Finding the bright side of Pennsylvania's turkey population decline
Ever had someone come up to you and say, “there's good news and bad news?”
For more than a quarter century, turkey hunters rarely had to deal with that.
There were about 1.3 million turkeys in the United States in 1973 when the National Wild Turkey Federation was formed. By the early 2000s, the group says, the population hit a historic high of nearly seven million.
There seemed no end to where the numbers might go.
While the birds aren't exactly struggling, populations seem to have settled into a new, lower normal in many places.
Pennsylvania, for example, had an estimated 280,000 turkeys at its peak in the early 2000s, according to the Game Commission. The population dropped to fewer than 200,000, then rebounded.
But it's never come all the way back, fluctuating between 204,000 and 234,000 since 2011.
With the fall turkey seasons here, it looks to be more of the same this year.
Summer sighting surveys indicate that turkey numbers are comparable — neither significantly higher nor lower — than they were last year.
Pennsylvania's 2016 survey revealed an average of 2.37 poults, or newborn birds, per hen, according to the Game Commission. This year, the statewide average was 2.28.
Things varied widely, though.
Unit 4A had 4.62 poults per hen this year. No other unit performed better. But in unit 2A, there were just 0.92. No unit did worse.

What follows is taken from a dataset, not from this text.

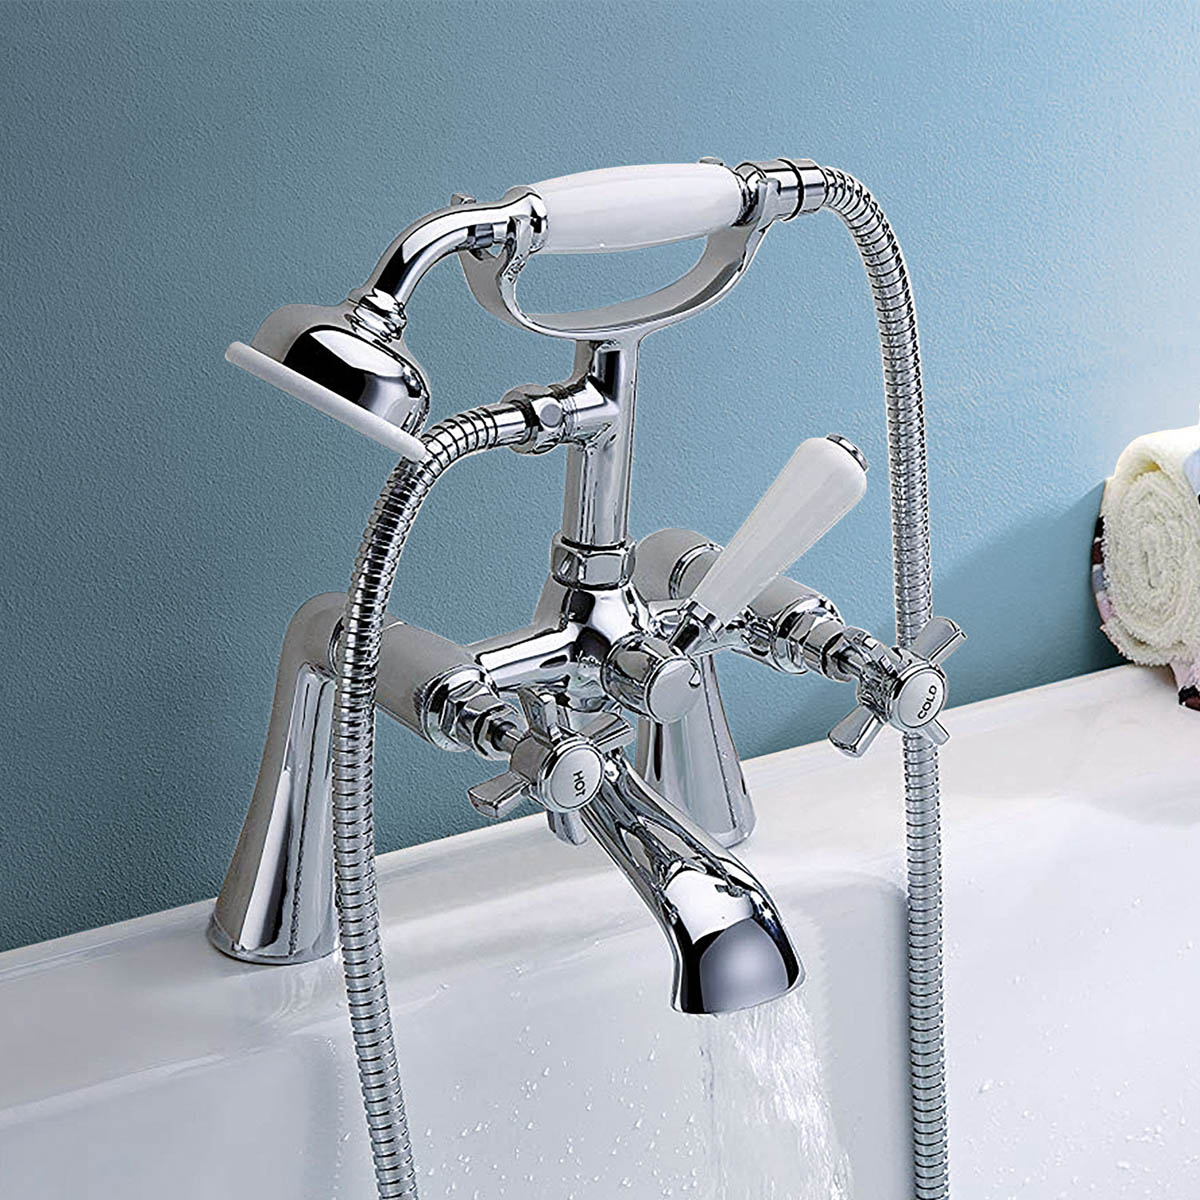 Trisen Wisley Bath Shower Mixer With Shower Kit

“Turkey reproduction this summer varied across the state with above-average recruitment in some wildlife management units but below average in neighboring ones, so it's best to get out and see for yourself what the reproduction was like in your area,” said Mary Jo Casalena, the commission's turkey biologist.
Lest Keystone State hunters feel too bad, though, they at least can take some level of comfort in two things.
First, it's not just here.
Turkey populations are struggling to some degree in other states, too.
The summer turkey sighting survey done by the Maryland Department of Natural Resources revealed 2.3 poults per adult hen. That's a little better than last year's 2.0, but still below the 15-year average of 3.
That's “less than ideal,” admitted Paul Peditto, the agency's wildlife and heritage service director.
New York is seeing much the same thing.
According to that state's Department of Environmental Conservation, this year's summer turkey sighting survey found 2.5 poults per adult hen. That's down from 2.8 a year ago and the lowest recorded since 2009.
“Reproductive success gradually improved from the low observed in 2009 through 2015, but the past two years have been below the 10-year average,” the agency said.
Second, the hunting can still be good.
In Maryland, Peditto said, while it's true that populations are down, they're down from a big peak, so plenty of birds remain.
The same is true in Pennsylvania, Casalena said.
Spring gobbler hunters this year killed an estimated 38,101 birds. That was 6 percent more than 2016, so birds remain available, she said.
That's true even those fall harvests are trending downward.
Last year's fall harvest was 10,844, down 35 percent over the previous three-year average of 16,688.
Casalena attributed that to a variety of factors, from decreased fall hunting participation to below-average turkey reproduction and shorter seasons.
Time remains for hunters to do better this fall. The first phase of hunting has closed in some wildlife management units but continues in others. And there's still the statewide three-day season that starts on Thanksgiving. That's a big one; about 18 percent of the fall harvest occurs then.
To find birds, Casalena suggests looking for food first.
The abundance of food, from acorn, beech and cherry production to soft mast — think apples and grapes — varies pretty widely by region.
The birds will be around food, of course. But how much food is available to them can determine, in part, hunter success.
Areas with abundant food sources tend to make the flocks more nomadic and therefore harder to find, Casalena said. The birds could be anywhere at any time.
Areas with less food, by comparison, tend to keep flocks congregated, making them easier to find, she said.